TRANCE is a system for generating rough models of data. A rough model consists a partition of the data set into a number of clusters witch are labelled with decision. The system automatically searches for participation witch optimize a pre-defined performance measure. The conceptual simplicity of the underlying models makes their interpretation very simple. They also used for extracting relevant rules. Low complexity of the involved algorithms allows for automatic (or semi-automatic) discovery of relevant attributes.
The current version of TRANCE can handle only numerical data tables which are provided as text files.
The system generates rough data models which are represented in the form of tables (list of clusters), plots (various performance measures, e.g., gain and response curves), and lists of rules.
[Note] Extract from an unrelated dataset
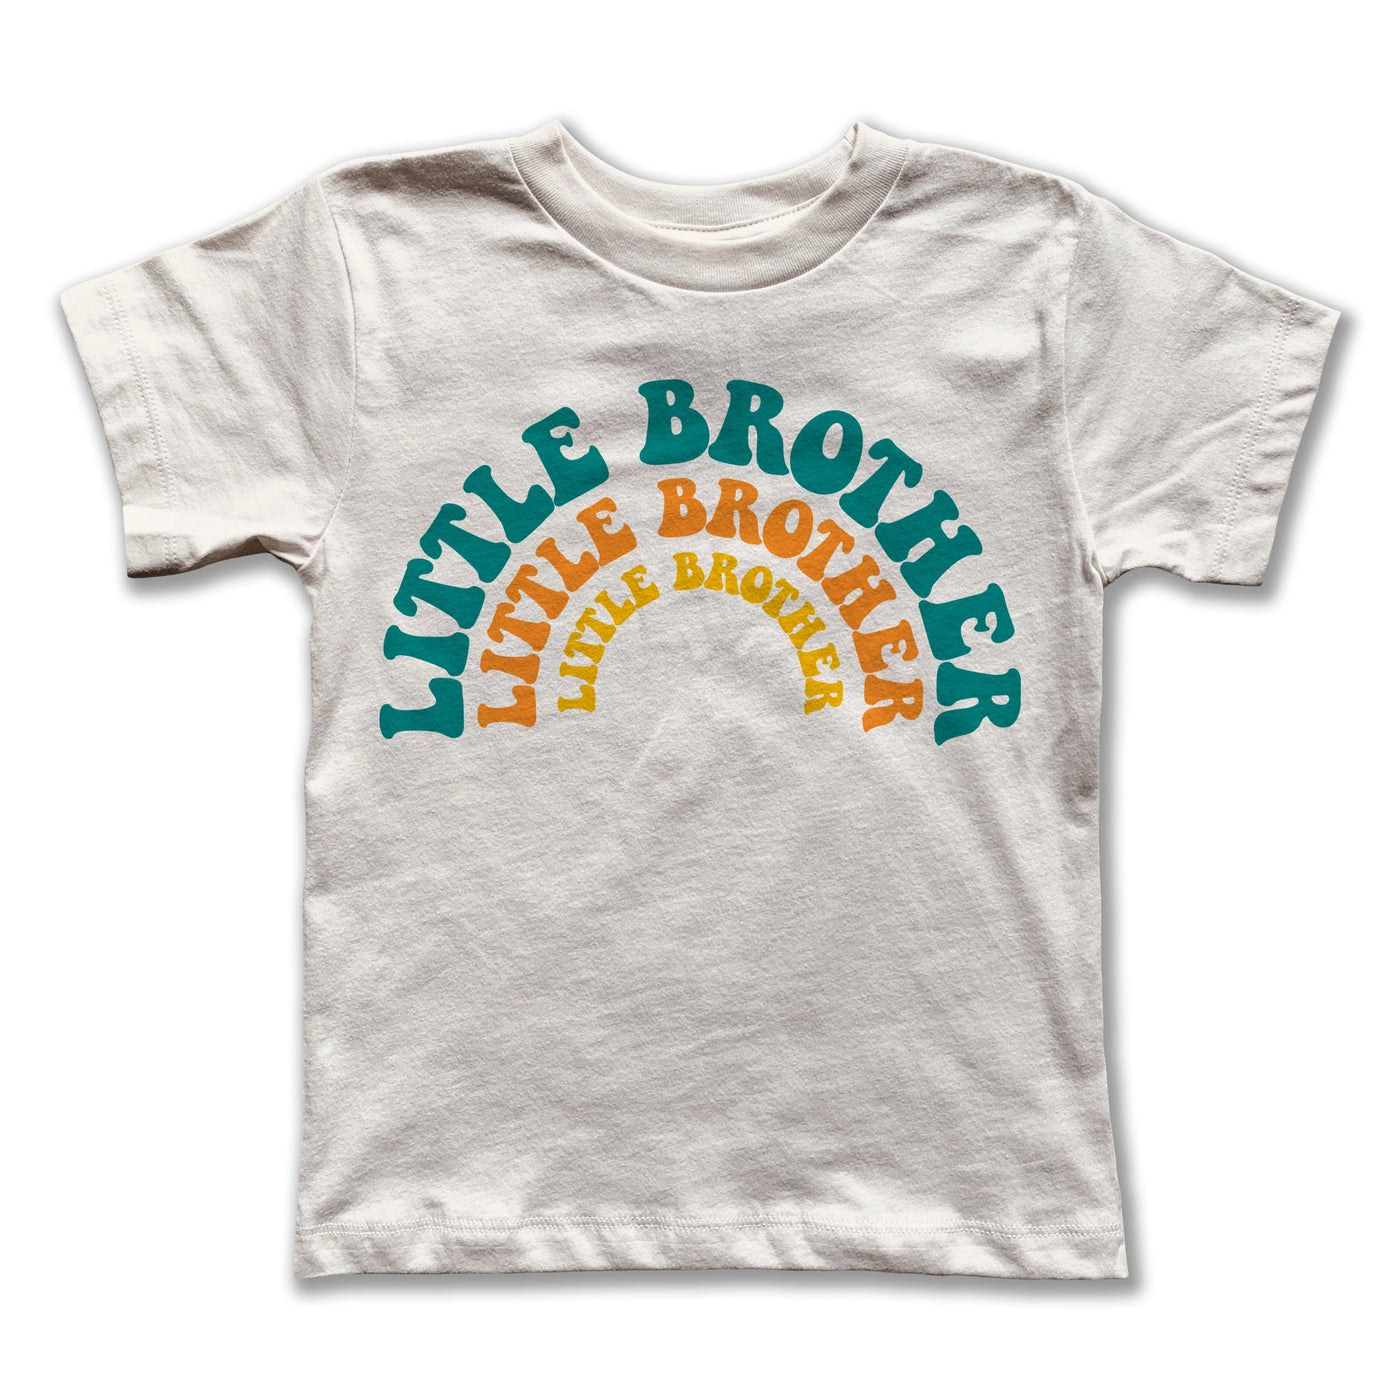 Rivet Apparel Co. - Little Brother Tee - Two Little Birds Boutique

TRANCE is a system that supports the process of constructing and evaluating rough data models. Basically, it can be used for processing numeric-values data tables. It has been implemented in the MATLAB system-a general purpose system for matrix computations and visualization. TRANCE contains a number of modules that cover different stages of model construction process. The Data Pre-Processing Module contains numerous procedures (in MATLAB’s terminology: m-files) that are useful for data pre-processing: procedures for outlines, for discretizing attributes, for statistical data analysis, for processing time series (rescaling, smoothing, aggregation), etc. The central part of the system is the Search Module. It is responsible for searching through the pre-defined space of models for an optimal one. Results of the module are passed to the various performance measures. Finally, the Rule Extraction Module generates rules from the best model. All modules are integrated by the MATLAB command interpreter which takes care of handling procedure calls and parameter passing. Small data sets can be processed interactively; bigger sets are processed in batch mode.
TRANCE tires to find partitions of the universe which optimize certain criterion. The objective function is usually expressed in terms of local properties of the resulting classification model (e.g., the highest classification rate of decision rules which cover at least 5% of all cases). The system uses either systematic or local search. It makes no use of background knowledge.
The user of the system should know basic concepts of data mining and rough data models. Moreover, (s)he should be able to write simple scripts in MATLAB.
TRANCE is suitable for processing huge data sets with millions of records. It has been successfully applied in the field of marketing and finance to tasks such as: fraud detection, modelling customer behavior, retention, attrition. Due to the conceptual simplicity of the underlying models, results generated with TRANCE are easy to interpret. Low complexity of the involved algorithms allows for automatic (or semi-automatic) discovery of relevant attributes. On the other hand, models constructed with TRANCE are usually based on a few (3-5) attributes which may result in a poor accuracy. Another serious limitation of TRANCE is its inability of processing non-numerical data. Current research focuses on the elimination of these two drawbacks. The system and some of its applications are described in this book.